→ PROBLEM DESCRIPTION: As the answer, set down the lines below from the one containing "magic door &" through the one containing "Hotell – Sofitel Rome (totalrenoverat", exactly and inclusively, and no others.

━━━━━ SOURCE MATERIAL ━━━━━

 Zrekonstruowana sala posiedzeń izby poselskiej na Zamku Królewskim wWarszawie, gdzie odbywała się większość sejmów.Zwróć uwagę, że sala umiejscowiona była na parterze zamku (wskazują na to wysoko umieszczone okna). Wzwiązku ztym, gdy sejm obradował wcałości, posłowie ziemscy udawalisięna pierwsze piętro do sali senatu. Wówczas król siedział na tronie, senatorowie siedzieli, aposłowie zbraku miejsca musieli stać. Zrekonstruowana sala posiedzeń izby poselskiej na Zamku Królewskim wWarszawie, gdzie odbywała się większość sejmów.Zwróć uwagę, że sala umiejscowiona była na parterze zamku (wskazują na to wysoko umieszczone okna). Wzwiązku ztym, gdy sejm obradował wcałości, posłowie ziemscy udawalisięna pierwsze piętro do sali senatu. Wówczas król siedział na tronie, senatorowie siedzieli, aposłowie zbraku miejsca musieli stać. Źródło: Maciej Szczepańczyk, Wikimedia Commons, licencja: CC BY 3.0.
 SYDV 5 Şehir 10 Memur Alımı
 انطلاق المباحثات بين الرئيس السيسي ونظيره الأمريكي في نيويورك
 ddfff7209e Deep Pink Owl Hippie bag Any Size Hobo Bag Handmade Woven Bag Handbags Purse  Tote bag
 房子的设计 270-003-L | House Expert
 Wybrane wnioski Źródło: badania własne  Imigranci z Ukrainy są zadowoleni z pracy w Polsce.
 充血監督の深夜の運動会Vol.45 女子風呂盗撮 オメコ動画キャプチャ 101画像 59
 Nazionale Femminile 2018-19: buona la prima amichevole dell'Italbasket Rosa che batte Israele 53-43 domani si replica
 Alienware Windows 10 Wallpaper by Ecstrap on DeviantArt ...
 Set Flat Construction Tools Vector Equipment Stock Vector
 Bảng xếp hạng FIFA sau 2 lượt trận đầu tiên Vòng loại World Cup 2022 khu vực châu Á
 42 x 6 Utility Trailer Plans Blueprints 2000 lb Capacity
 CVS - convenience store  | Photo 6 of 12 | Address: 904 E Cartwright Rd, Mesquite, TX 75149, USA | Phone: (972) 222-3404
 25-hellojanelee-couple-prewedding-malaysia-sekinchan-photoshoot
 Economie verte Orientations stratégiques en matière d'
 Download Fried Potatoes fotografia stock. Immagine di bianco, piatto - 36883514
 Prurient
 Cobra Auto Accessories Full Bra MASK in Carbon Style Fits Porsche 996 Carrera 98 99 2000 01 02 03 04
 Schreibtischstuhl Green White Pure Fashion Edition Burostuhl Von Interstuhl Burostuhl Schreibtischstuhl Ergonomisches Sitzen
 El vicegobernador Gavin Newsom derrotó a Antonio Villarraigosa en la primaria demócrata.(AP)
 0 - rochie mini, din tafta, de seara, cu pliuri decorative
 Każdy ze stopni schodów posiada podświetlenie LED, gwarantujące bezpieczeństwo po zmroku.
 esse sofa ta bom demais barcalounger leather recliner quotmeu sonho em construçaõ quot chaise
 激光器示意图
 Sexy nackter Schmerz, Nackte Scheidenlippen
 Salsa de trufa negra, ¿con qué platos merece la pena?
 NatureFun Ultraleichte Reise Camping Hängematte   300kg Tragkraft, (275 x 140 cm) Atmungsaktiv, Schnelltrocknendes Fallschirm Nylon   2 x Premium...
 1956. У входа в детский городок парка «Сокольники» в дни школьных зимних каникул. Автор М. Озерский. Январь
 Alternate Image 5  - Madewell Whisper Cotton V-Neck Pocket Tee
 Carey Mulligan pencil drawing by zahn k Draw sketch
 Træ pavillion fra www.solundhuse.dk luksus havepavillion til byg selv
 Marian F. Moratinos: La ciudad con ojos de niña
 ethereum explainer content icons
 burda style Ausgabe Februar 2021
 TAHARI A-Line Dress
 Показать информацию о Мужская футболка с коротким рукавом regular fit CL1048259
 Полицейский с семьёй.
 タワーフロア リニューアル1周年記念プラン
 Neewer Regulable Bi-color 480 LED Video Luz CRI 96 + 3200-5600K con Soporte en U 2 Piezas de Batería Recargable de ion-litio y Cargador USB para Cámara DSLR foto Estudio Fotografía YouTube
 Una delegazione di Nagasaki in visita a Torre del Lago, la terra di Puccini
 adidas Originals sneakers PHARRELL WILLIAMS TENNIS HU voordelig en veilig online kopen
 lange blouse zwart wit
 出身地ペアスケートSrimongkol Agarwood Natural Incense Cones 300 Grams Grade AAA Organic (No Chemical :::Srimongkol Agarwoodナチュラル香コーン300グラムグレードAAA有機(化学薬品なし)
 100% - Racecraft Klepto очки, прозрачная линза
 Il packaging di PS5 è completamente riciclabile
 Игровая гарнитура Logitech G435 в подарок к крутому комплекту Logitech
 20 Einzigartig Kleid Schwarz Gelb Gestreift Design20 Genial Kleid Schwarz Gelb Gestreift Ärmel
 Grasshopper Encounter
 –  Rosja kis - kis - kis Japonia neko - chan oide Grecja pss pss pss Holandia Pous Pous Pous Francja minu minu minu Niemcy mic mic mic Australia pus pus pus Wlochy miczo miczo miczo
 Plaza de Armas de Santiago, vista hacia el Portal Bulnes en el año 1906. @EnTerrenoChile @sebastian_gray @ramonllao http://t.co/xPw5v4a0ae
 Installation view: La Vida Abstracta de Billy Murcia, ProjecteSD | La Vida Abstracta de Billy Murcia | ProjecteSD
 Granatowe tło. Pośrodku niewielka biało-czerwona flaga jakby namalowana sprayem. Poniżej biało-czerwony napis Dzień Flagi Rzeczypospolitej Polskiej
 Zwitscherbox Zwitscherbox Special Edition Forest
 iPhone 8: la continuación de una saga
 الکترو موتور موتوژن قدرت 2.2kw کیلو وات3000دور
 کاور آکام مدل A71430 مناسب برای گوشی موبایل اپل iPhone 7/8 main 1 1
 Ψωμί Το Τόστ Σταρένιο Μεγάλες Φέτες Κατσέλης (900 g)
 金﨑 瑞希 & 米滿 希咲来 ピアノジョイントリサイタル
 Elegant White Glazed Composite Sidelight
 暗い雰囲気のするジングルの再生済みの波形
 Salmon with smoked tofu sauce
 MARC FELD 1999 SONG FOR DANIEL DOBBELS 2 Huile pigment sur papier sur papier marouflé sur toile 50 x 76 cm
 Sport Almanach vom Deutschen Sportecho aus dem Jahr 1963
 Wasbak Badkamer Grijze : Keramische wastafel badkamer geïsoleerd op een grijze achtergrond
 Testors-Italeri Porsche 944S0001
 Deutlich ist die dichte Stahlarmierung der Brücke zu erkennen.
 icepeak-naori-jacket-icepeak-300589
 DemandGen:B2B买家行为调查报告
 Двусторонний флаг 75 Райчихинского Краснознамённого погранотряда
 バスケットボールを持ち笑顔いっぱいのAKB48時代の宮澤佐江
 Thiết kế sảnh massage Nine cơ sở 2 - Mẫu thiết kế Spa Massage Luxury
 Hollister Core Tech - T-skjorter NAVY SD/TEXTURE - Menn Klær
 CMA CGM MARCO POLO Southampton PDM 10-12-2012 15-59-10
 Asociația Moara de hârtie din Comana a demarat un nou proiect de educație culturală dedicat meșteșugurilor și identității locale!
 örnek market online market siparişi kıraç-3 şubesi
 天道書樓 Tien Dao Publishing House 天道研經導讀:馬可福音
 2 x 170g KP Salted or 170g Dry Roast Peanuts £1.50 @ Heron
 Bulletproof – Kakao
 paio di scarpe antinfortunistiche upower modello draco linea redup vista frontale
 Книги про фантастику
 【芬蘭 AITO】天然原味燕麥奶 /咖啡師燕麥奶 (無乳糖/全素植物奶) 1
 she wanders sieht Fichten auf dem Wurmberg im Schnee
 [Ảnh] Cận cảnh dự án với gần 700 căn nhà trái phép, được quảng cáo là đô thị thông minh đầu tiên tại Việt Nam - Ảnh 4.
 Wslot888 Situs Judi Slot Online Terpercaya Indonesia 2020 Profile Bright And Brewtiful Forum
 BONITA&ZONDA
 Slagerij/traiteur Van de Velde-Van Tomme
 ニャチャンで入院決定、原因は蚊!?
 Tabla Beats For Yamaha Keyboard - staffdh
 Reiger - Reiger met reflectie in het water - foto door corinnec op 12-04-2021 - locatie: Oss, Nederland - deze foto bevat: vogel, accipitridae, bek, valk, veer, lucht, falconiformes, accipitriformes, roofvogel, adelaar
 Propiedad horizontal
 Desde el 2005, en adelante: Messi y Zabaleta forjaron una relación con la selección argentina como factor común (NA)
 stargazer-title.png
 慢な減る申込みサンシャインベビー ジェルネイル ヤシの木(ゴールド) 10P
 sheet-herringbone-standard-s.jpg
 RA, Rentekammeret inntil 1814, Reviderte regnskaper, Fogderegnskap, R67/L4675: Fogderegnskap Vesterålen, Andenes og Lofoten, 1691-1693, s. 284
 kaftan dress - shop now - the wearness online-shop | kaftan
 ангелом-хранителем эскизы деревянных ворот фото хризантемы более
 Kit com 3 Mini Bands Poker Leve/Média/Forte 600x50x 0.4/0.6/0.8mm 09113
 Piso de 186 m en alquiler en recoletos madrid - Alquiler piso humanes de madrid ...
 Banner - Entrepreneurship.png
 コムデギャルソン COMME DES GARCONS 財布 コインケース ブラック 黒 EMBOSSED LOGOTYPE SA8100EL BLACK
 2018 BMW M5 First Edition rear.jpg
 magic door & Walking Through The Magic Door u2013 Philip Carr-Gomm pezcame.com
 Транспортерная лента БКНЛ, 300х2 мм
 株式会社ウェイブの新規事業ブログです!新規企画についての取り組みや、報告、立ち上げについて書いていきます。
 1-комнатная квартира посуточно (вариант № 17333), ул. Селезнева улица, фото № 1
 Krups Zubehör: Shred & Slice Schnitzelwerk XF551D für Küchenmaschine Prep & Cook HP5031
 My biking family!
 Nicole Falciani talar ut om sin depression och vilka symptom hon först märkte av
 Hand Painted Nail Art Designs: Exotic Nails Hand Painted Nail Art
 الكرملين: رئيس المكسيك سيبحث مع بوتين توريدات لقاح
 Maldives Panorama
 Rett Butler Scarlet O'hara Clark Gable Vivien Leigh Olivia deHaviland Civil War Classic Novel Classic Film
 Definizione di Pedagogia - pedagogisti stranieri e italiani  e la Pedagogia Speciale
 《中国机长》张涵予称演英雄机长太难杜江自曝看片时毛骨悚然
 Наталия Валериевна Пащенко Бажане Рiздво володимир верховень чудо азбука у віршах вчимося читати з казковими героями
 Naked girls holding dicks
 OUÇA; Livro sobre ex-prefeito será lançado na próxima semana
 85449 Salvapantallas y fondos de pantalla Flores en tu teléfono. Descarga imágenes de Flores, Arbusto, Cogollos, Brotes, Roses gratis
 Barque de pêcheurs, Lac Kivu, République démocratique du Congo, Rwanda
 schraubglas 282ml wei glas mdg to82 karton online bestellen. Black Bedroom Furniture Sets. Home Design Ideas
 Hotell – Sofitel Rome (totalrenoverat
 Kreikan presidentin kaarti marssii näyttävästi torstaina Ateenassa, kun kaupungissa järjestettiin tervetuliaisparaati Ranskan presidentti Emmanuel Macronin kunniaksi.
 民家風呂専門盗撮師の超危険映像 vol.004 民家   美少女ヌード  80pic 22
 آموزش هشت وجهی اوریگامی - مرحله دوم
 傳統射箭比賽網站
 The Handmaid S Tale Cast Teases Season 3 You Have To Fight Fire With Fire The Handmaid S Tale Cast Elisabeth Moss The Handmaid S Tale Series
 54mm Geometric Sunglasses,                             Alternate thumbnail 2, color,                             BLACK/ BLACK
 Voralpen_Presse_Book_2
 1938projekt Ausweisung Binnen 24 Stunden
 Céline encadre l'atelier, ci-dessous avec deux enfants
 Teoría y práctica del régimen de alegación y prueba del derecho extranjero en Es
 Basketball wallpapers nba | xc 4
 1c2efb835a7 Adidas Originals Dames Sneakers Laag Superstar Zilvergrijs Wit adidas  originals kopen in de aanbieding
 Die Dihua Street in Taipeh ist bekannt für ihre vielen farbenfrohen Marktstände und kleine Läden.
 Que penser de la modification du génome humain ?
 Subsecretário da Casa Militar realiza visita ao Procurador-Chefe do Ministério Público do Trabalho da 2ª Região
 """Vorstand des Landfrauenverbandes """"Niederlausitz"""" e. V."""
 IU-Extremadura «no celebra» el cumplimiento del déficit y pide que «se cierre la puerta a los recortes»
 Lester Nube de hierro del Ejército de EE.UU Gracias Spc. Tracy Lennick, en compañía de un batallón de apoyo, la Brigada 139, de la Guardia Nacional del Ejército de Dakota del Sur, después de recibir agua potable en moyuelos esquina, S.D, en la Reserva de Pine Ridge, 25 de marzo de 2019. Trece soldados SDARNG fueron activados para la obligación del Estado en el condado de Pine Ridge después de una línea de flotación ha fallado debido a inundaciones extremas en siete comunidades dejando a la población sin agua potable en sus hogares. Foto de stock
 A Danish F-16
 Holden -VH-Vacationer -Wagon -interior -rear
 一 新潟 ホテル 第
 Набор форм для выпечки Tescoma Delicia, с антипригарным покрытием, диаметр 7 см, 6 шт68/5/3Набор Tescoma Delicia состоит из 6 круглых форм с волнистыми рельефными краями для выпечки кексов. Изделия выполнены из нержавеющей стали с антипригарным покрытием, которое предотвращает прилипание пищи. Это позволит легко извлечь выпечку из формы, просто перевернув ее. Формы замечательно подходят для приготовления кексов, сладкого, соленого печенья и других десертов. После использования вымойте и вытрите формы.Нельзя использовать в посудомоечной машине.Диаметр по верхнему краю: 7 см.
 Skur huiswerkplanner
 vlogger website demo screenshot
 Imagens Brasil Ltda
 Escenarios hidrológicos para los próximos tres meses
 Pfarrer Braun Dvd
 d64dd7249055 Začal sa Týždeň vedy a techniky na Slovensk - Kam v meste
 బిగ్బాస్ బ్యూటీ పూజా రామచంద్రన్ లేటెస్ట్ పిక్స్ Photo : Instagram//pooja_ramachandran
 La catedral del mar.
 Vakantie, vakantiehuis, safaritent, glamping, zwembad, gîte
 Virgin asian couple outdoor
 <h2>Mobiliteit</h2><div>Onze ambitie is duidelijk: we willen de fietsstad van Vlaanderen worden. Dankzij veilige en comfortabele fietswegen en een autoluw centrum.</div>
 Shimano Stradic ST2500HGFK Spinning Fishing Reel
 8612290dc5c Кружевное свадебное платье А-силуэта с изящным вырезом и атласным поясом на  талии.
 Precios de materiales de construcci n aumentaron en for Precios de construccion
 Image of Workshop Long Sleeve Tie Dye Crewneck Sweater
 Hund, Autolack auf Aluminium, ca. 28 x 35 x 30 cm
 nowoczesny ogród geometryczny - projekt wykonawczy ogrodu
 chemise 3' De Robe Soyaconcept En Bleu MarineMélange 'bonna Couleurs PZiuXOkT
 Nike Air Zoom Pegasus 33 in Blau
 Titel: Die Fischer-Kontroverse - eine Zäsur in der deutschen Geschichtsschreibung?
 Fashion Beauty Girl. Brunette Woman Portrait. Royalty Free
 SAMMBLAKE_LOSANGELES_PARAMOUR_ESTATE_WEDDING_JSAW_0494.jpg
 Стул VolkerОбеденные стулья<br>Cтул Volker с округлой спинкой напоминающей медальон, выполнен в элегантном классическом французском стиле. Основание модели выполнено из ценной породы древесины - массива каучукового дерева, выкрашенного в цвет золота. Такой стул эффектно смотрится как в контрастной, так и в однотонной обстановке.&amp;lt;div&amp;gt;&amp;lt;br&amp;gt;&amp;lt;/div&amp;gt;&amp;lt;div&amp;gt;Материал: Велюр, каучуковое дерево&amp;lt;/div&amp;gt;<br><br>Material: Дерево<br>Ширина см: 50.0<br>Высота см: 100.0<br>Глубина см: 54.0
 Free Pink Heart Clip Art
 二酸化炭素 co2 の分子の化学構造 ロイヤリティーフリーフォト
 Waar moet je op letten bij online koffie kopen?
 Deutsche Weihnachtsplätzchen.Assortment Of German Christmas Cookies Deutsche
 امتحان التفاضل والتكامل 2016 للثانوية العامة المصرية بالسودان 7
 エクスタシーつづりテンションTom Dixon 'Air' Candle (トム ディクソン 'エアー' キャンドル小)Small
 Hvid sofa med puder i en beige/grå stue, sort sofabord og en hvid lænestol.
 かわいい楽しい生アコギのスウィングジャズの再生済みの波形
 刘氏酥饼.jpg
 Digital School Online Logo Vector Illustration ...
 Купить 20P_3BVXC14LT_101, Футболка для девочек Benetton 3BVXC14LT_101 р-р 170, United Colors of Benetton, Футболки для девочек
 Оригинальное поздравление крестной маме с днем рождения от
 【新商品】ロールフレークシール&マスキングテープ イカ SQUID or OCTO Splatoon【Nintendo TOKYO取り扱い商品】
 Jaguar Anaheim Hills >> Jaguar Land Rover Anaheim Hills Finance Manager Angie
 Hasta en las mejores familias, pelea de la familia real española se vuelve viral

━━━━━

→ TASK RESULT:
 magic door & Walking Through The Magic Door u2013 Philip Carr-Gomm pezcame.com
 Транспортерная лента БКНЛ, 300х2 мм
 株式会社ウェイブの新規事業ブログです!新規企画についての取り組みや、報告、立ち上げについて書いていきます。
 1-комнатная квартира посуточно (вариант № 17333), ул. Селезнева улица, фото № 1
 Krups Zubehör: Shred & Slice Schnitzelwerk XF551D für Küchenmaschine Prep & Cook HP5031
 My biking family!
 Nicole Falciani talar ut om sin depression och vilka symptom hon först märkte av
 Hand Painted Nail Art Designs: Exotic Nails Hand Painted Nail Art
 الكرملين: رئيس المكسيك سيبحث مع بوتين توريدات لقاح
 Maldives Panorama
 Rett Butler Scarlet O'hara Clark Gable Vivien Leigh Olivia deHaviland Civil War Classic Novel Classic Film
 Definizione di Pedagogia - pedagogisti stranieri e italiani  e la Pedagogia Speciale
 《中国机长》张涵予称演英雄机长太难杜江自曝看片时毛骨悚然
 Наталия Валериевна Пащенко Бажане Рiздво володимир верховень чудо азбука у віршах вчимося читати з казковими героями
 Naked girls holding dicks
 OUÇA; Livro sobre ex-prefeito será lançado na próxima semana
 85449 Salvapantallas y fondos de pantalla Flores en tu teléfono. Descarga imágenes de Flores, Arbusto, Cogollos, Brotes, Roses gratis
 Barque de pêcheurs, Lac Kivu, République démocratique du Congo, Rwanda
 schraubglas 282ml wei glas mdg to82 karton online bestellen. Black Bedroom Furniture Sets. Home Design Ideas
 Hotell – Sofitel Rome (totalrenoverat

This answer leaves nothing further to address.